Помолчал и неохотно добавил:
— Он иногда провидит и чувствует то, что скрыто, хоть к магии способностей не имеет. Любопытная личность. Если Ланэйр подарил тебе «Умертвия» и артефакт, я на всякий случай научу тебя, как избежать нечистой смерти.
Ирдалирион… отчество-то какое красивое. Как он сам. Но провидения такие мне вовсе не нравятся. Задумалась, отвлеклась и снова подскочила от ужаса: на границе круга сидел на корточках младенец. Ну как младенец — кривые рахитичные ручки и ножки, огромная голова и плошки глаз, в свете костра отсвечивающие кроваво-красным. Сидел молча, неподвижно, но, заметив мою реакцию, попытался переступить черту. Не смог и разочарованно, по-птичьи защебетал:
— Съем… Съем… Съем-съем-съем! — и тоненько жалобно заплакал, перекосив личико.
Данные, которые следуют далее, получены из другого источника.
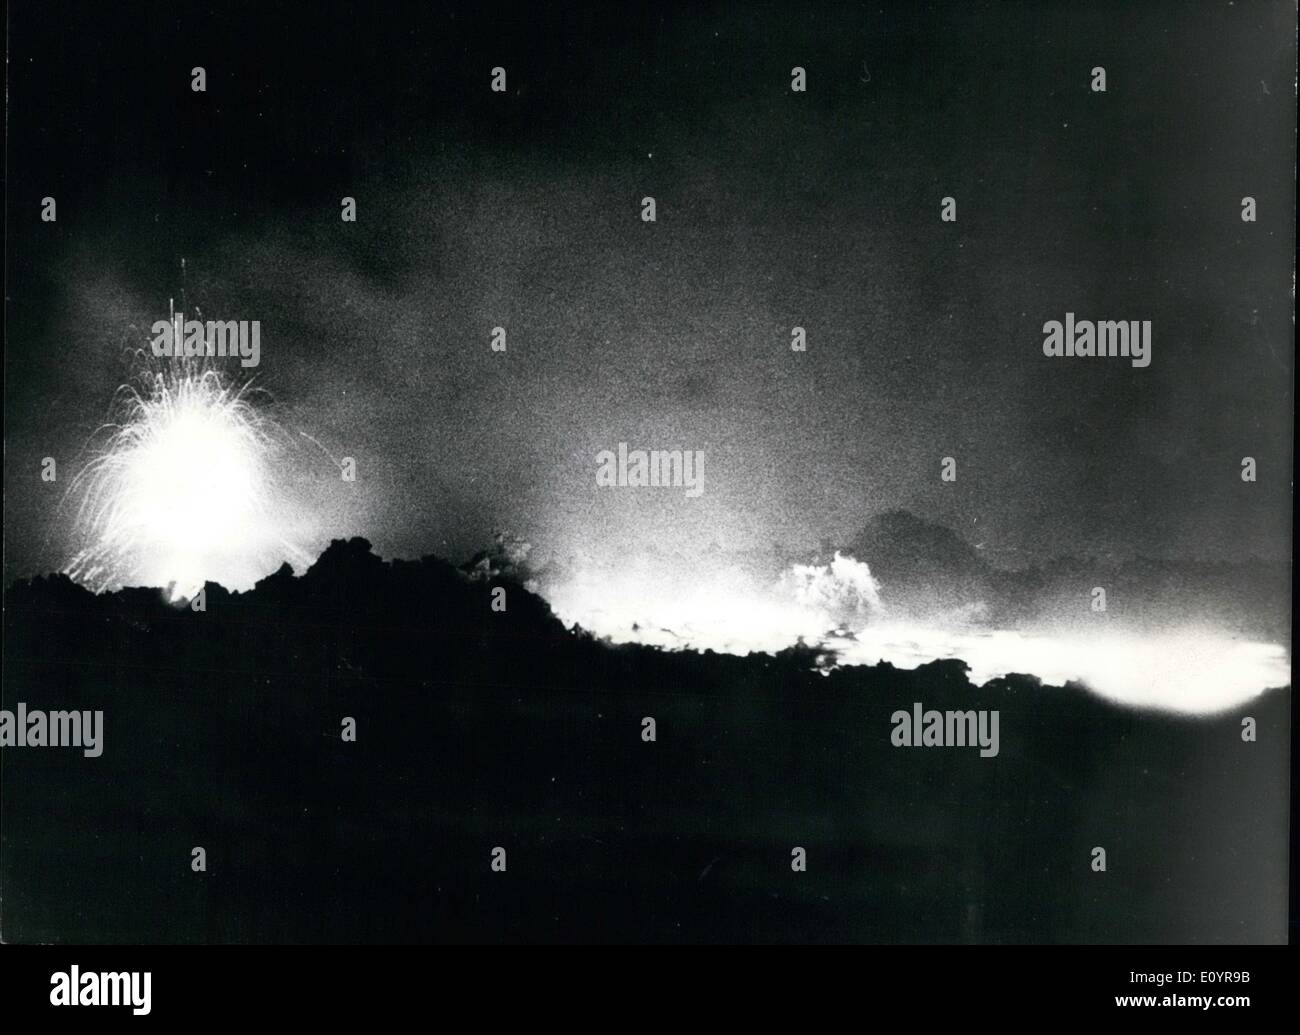 Apr. 04, 1971 - L'eruzione di Mt. Etna.: vulcanico Mt. Etna più grande eruzione dal 1950 è di continuare. Esplosioni ogni pochi minuti con hanno scagliato massi fuso nell'aria sono stati meno frequenti e meno violenti come osservatori segnalati. La foto mostra il cratere del vulcano in eruzione. Foto Stock
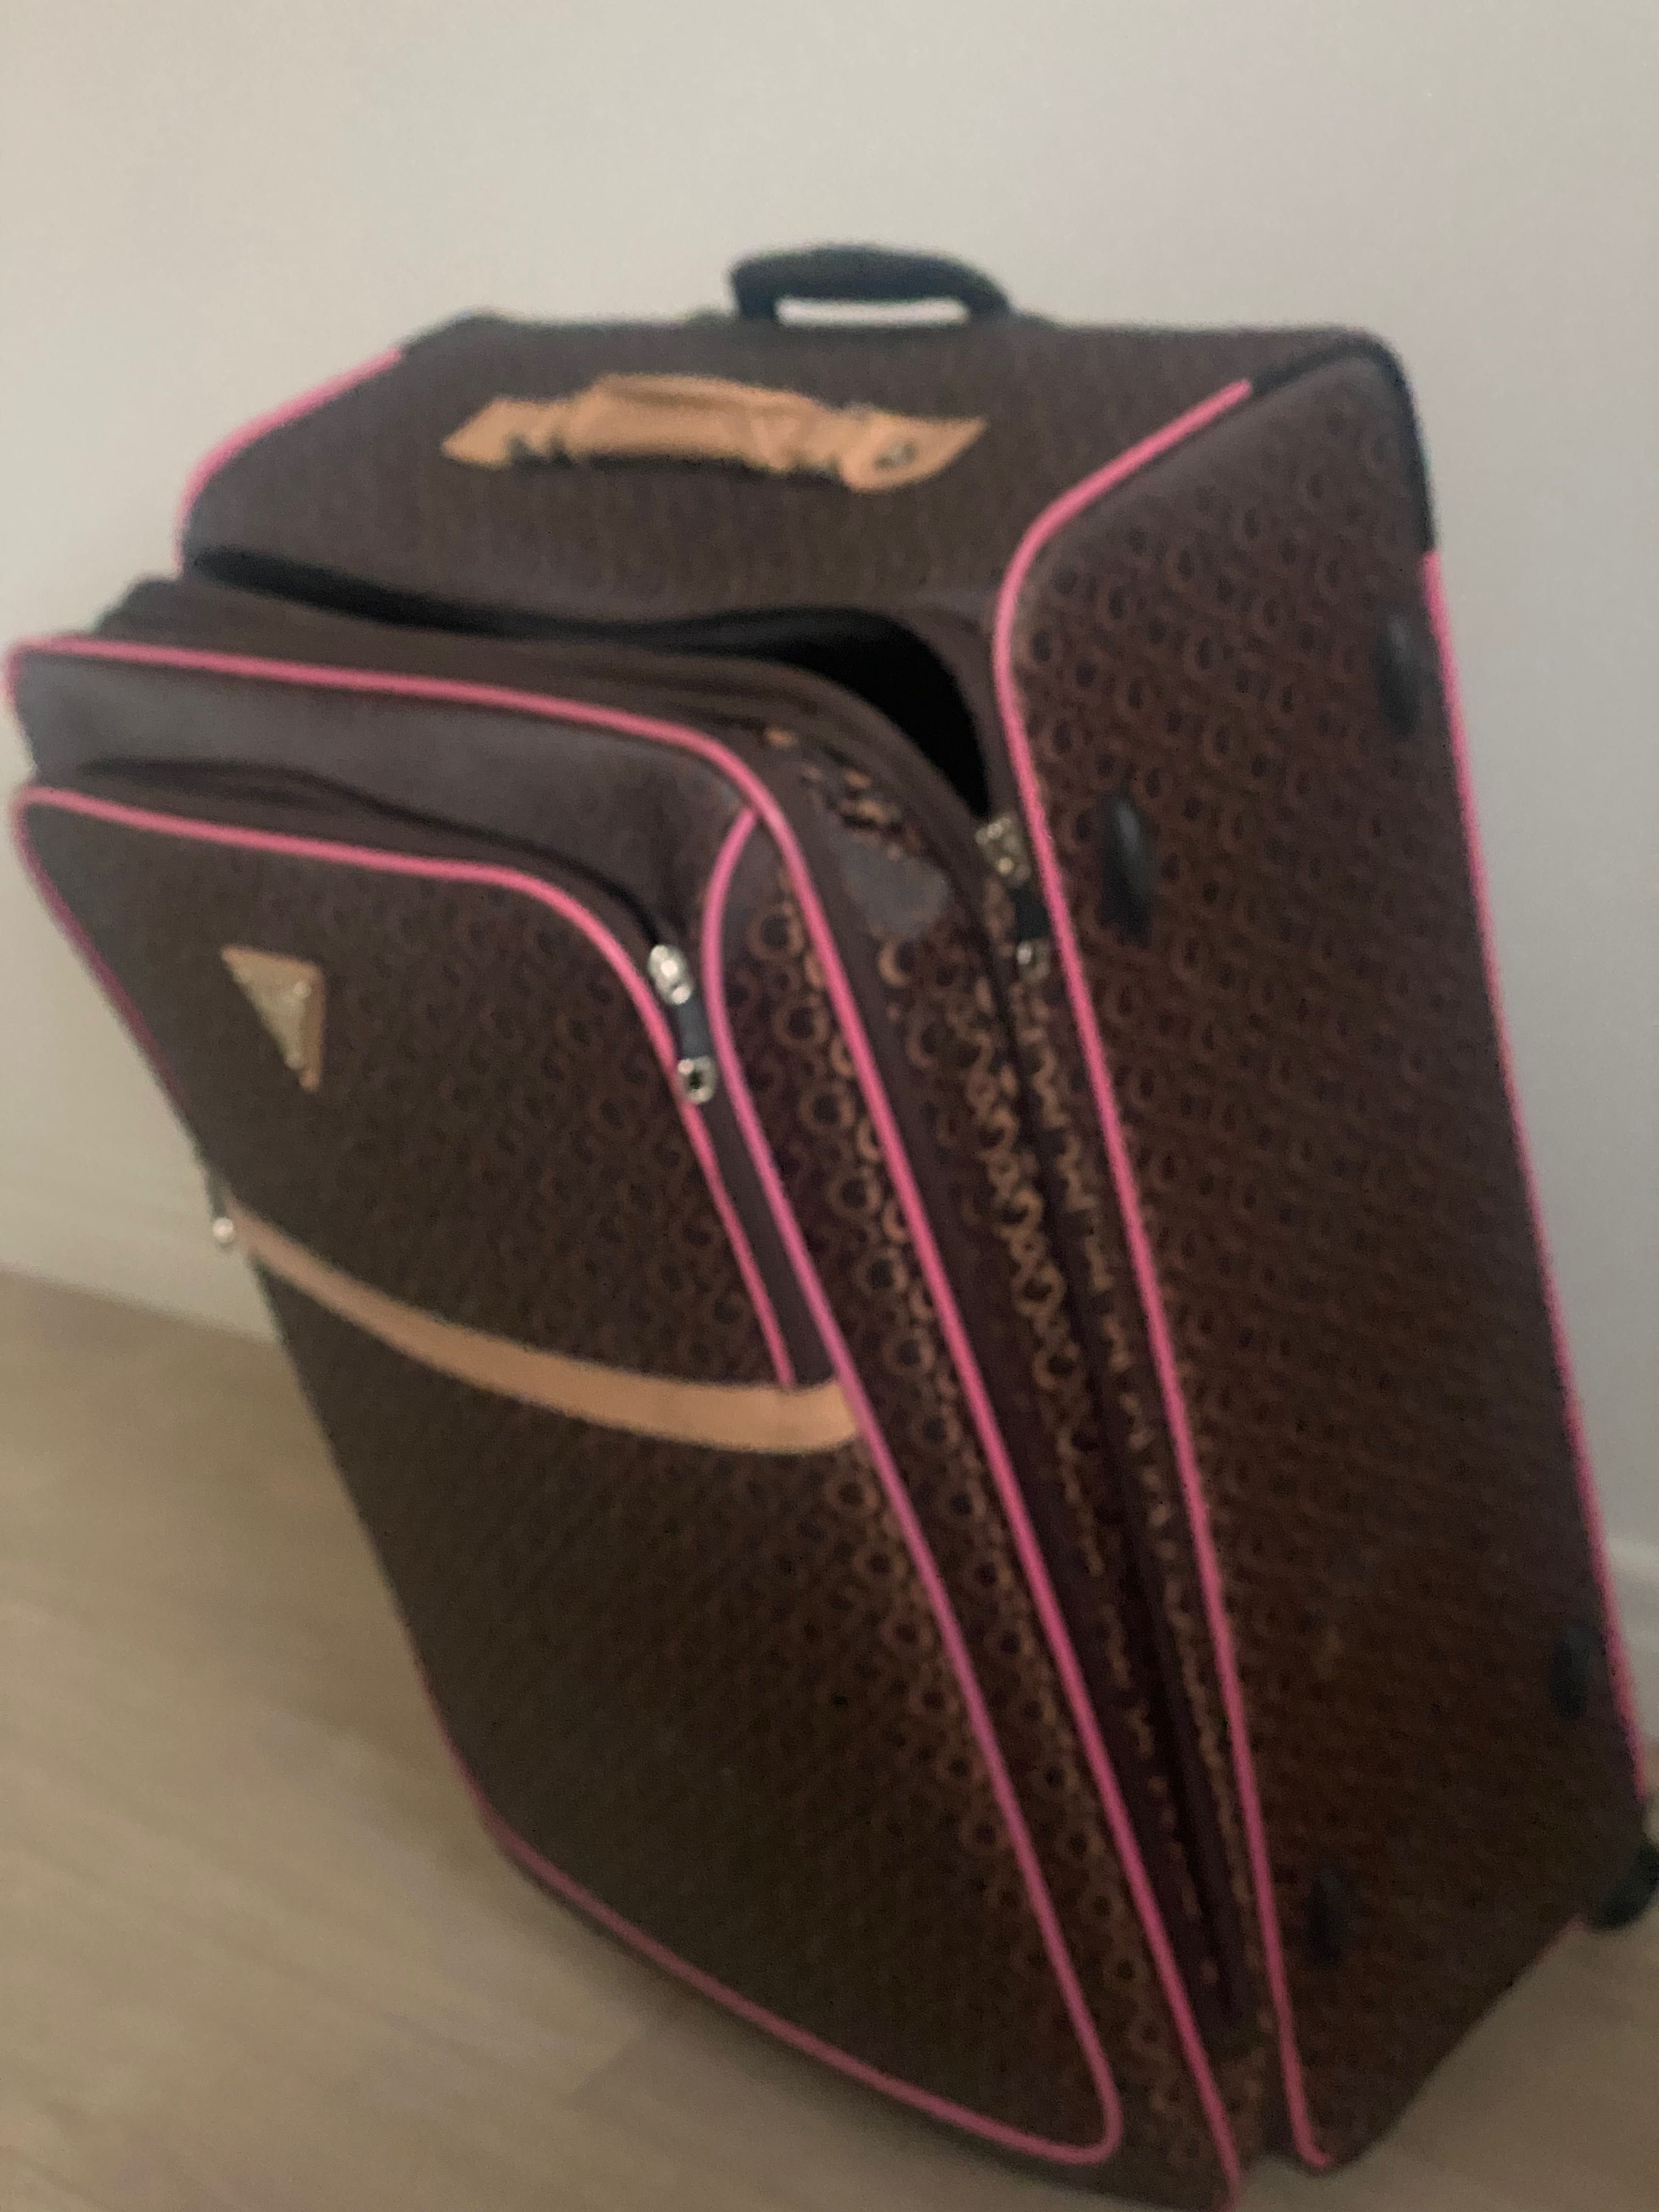 Bardzo duża walizka Guess do luku bagażowego 70x 60 cm bez kółek

Стали видны кривые жёлтые клыки в раззявленной пасти.
Очнулась от костяного звука брякнувших чёток и заученно прикоснулась к ним сознанием, и только потом поняла, что сижу, прижавшись к Глоренлину, панически вцепившись в его предплечье. Заставила себя разжать хватку и отодвинуться, стараясь привести дыхание в норму.
— Кладбищенский гхол. Я привёз его из путешествия по Сиале. Где-то тут ещё пара штук должна шляться… если не съели друг-друга, — в голосе шамана появилась лёгкая озабоченность.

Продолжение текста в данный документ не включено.